• What you are asked to do
Only one span of the listing below is wanted: the lines from the one with "If you read" through the one with "Airplane Frenzy Unisex", reproduced exactly, both ends kept.

• Provided information
╭──

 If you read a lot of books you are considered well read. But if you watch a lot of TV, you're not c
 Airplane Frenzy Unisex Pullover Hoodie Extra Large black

╰──
╭──

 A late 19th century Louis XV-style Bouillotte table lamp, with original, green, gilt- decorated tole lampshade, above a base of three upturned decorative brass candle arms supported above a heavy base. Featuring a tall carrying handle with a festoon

╰──
╭──

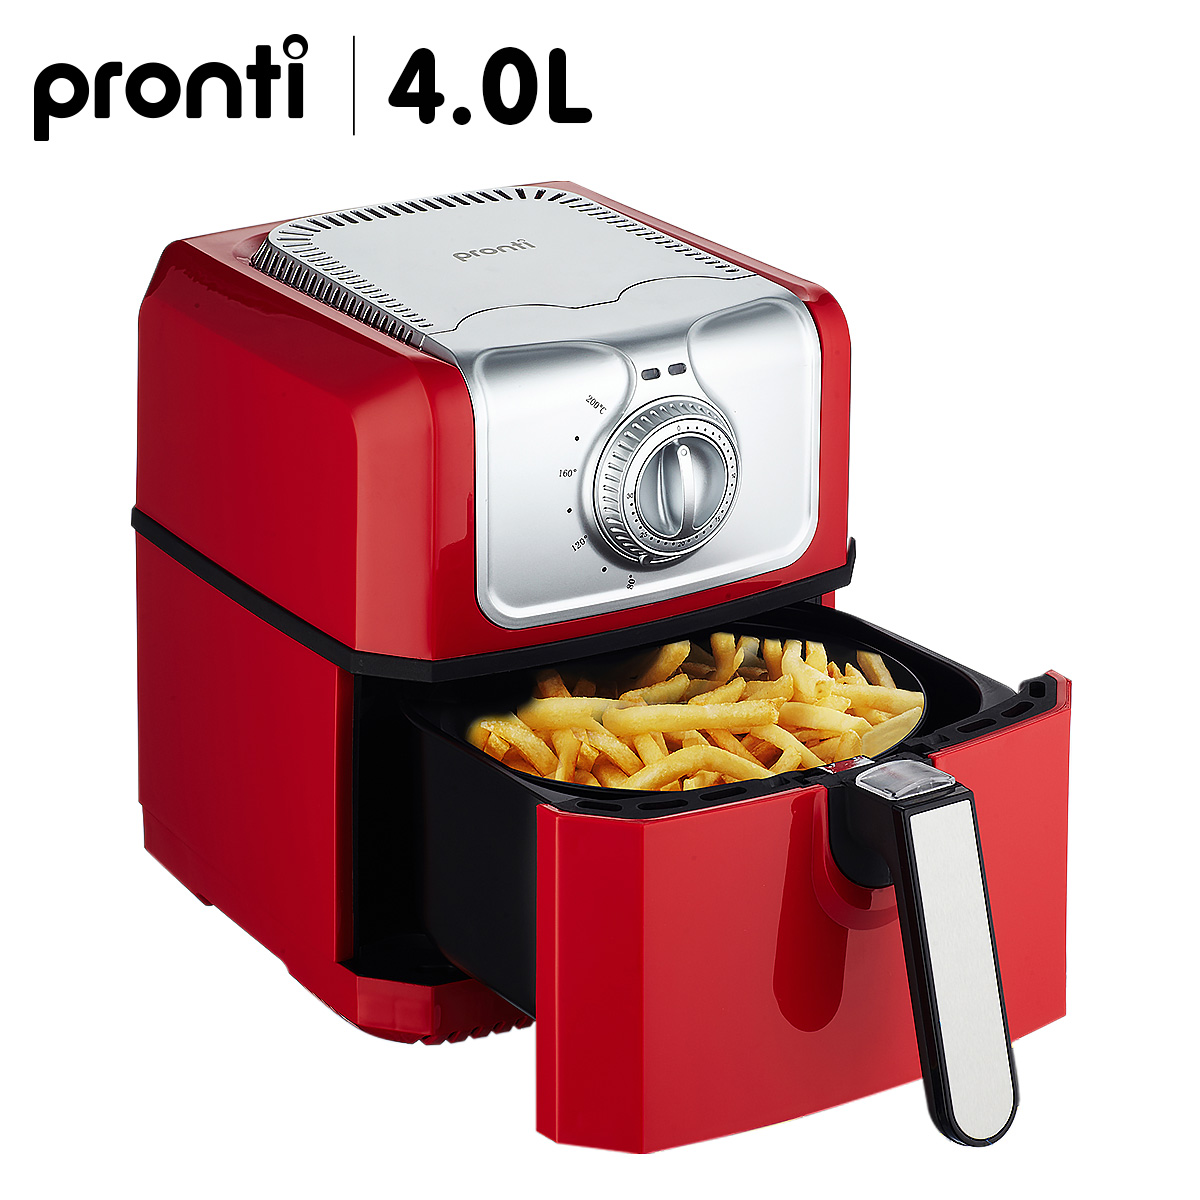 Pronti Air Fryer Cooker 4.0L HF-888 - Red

╰──

• Your response
 If you read a lot of books you are considered well read. But if you watch a lot of TV, you're not c
 Airplane Frenzy Unisex Pullover Hoodie Extra Large black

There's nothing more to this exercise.